Crude oil finds a bid following a 15% correction Crude oil finds a bid following a 15% correction Crude oil finds a bid following a 15% correction

Crude oil finds a bid following a 15% correction

Commodities 5 minutes to read
Ole Hansen

Head of Commodity Strategy

Summary:  Crude oil has managed to find support following a sharp correction that took Brent and WTI below the ranges that had prevailed since June. Upbeat economic data from China and the U.S., tropical storms building across the Atlantic and a recovery in U.S. megacap stocks have all helped drive renewed risk appetite. Next up the weekly stock report from the EIA which, according to the API, may yield a surprise inventory reduction.

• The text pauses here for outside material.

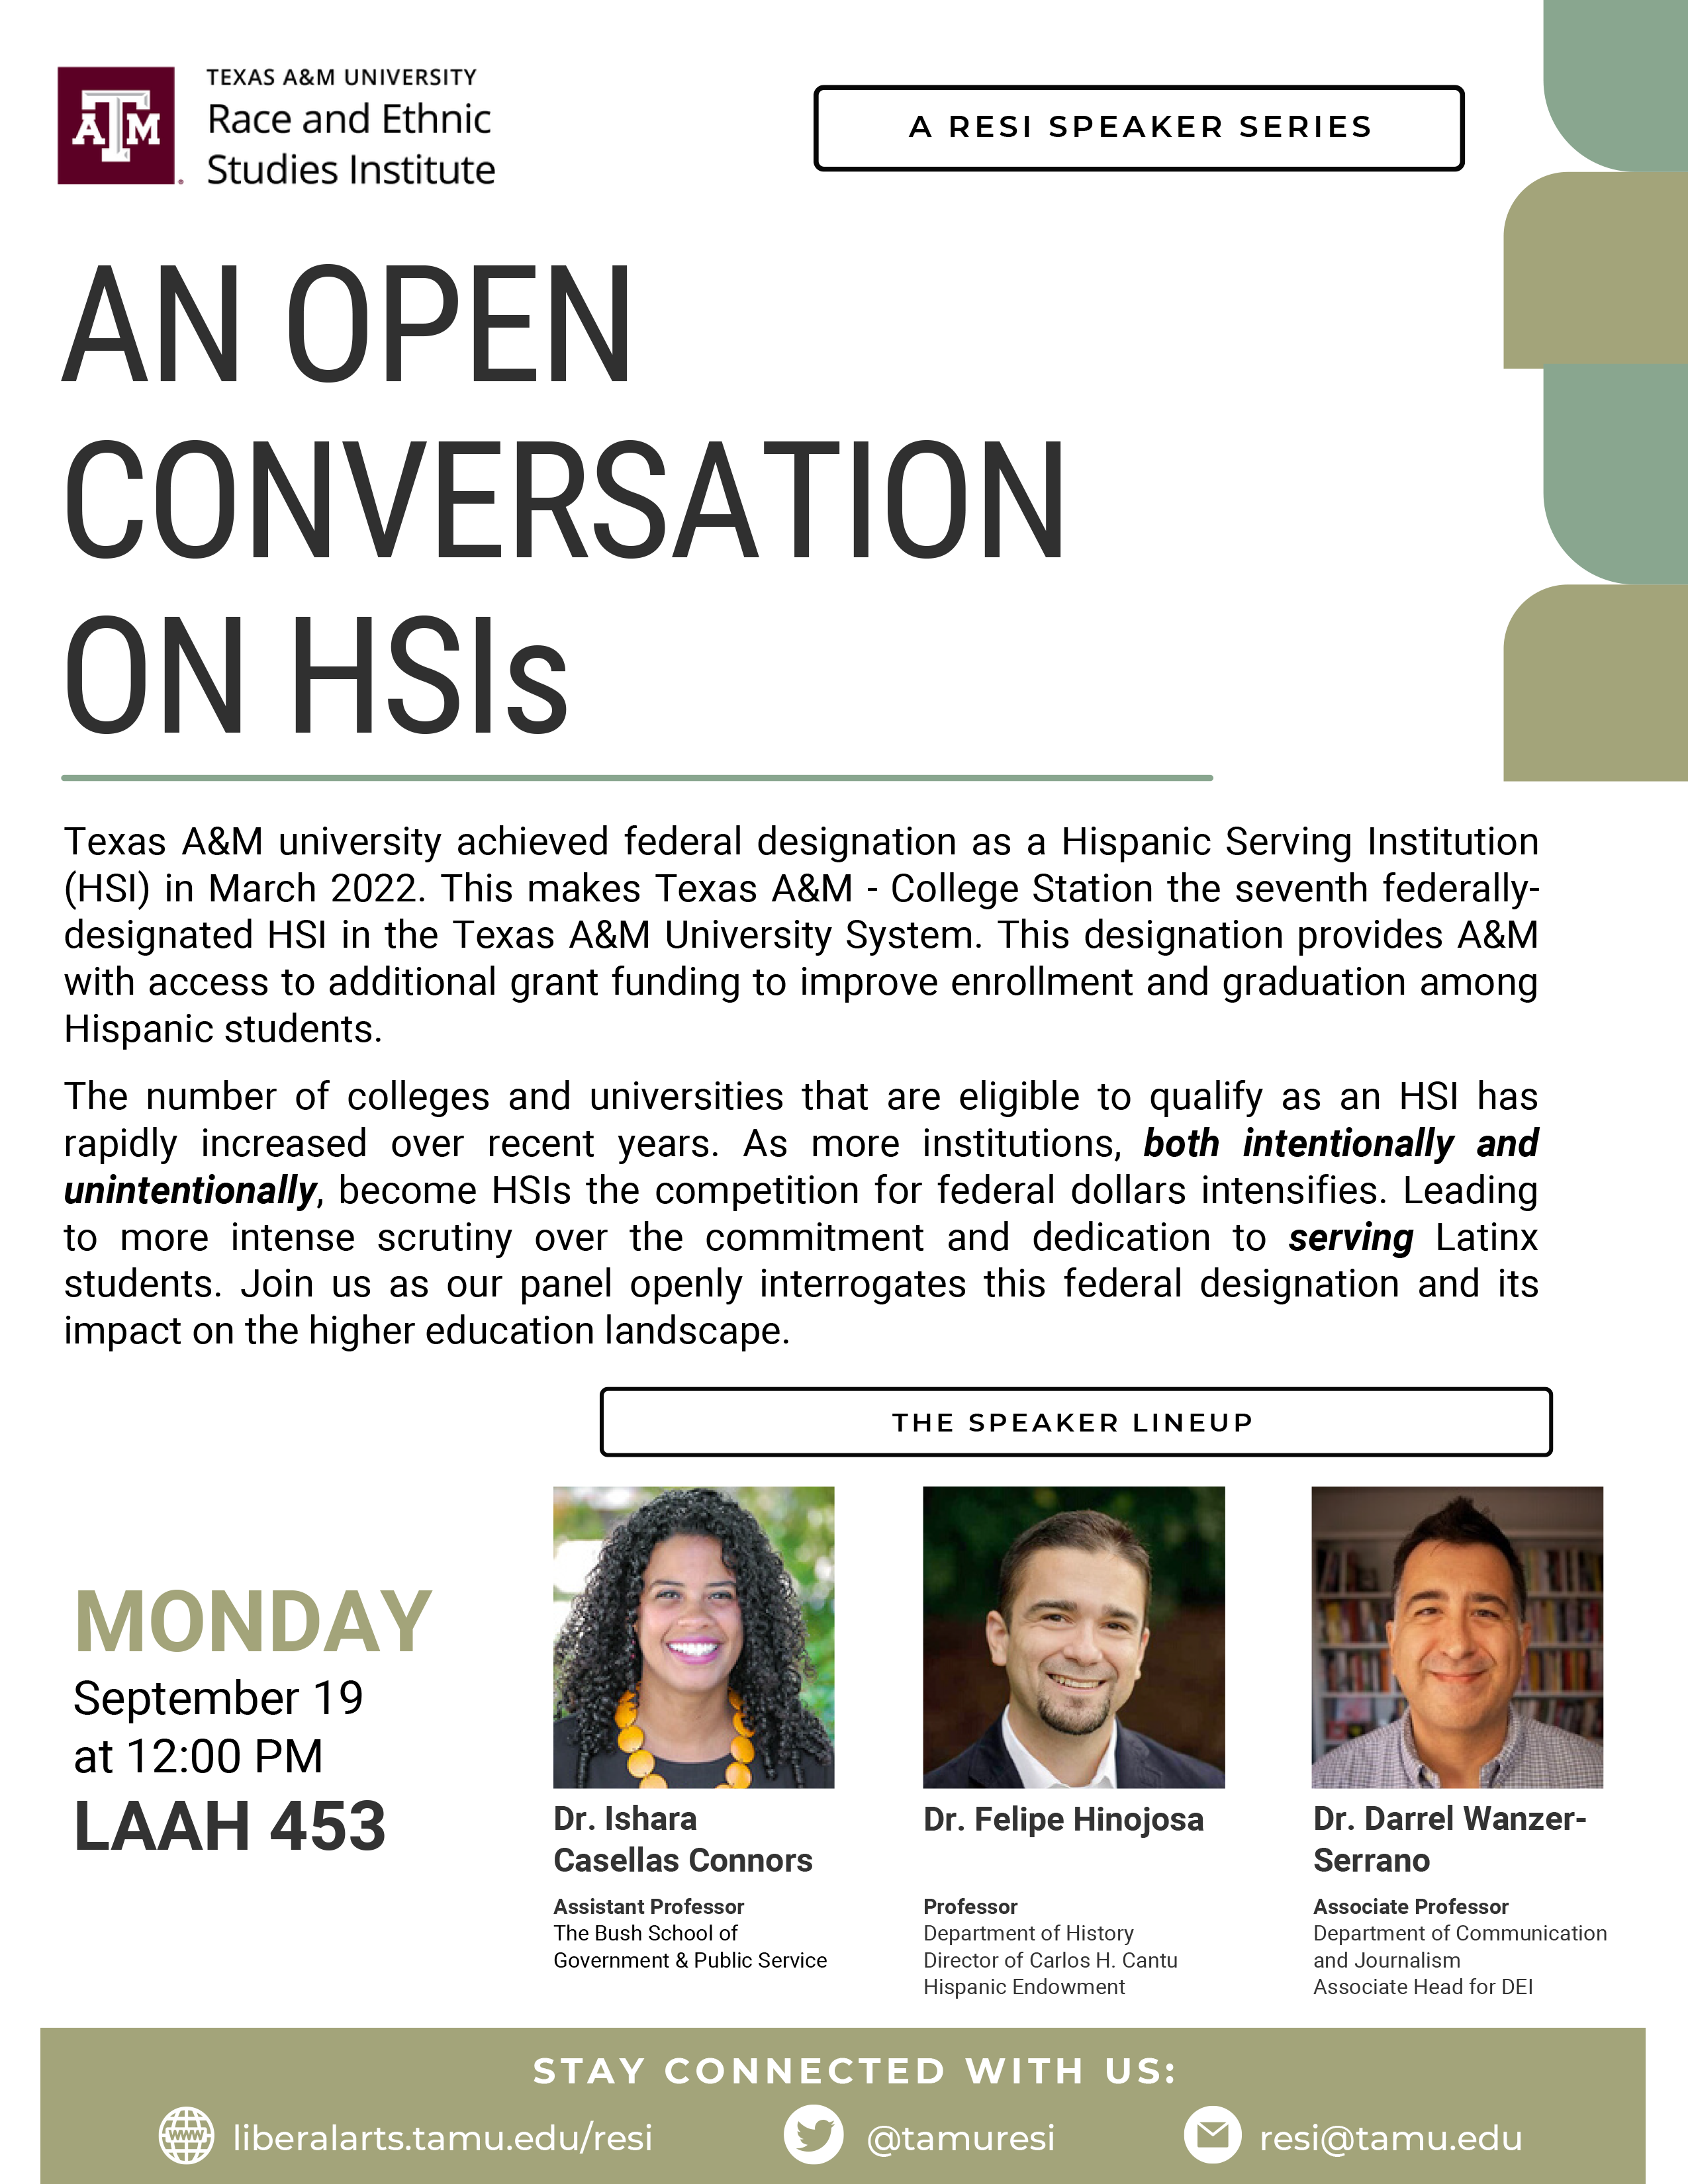 Flyer describing upcoming event, An Open Conversation on Hispanic Serving Institutions

What is our trading focus?

OILUKNOV20 – Brent Crude Oil (November)
OILUSOCT20 – WTI Crude Oil (October)

____________________________________________________________________________________________________

WTI Crude Oil (OILUSOCT20) and Brent Crude Oil (OILUKNOV20) have both managed to find support following their recent sharp correction and break below the trend that had prevailed since June. Upbeat economic data from China and the U.S. the world's biggest consumers, tropical storms building across the Atlantic and a recovery in U.S. megacap stocks have all helped drive renewed risk appetite.

After briefly dipping below the 100-day moving average, Brent crude oil on several consecutive days managed to bounce from an area below $39.50/b. Using Fibonacci retracement as a guide to where resistance may emerge we are focusing on $42/b (38.2% retracement) followed by $43/b (50%.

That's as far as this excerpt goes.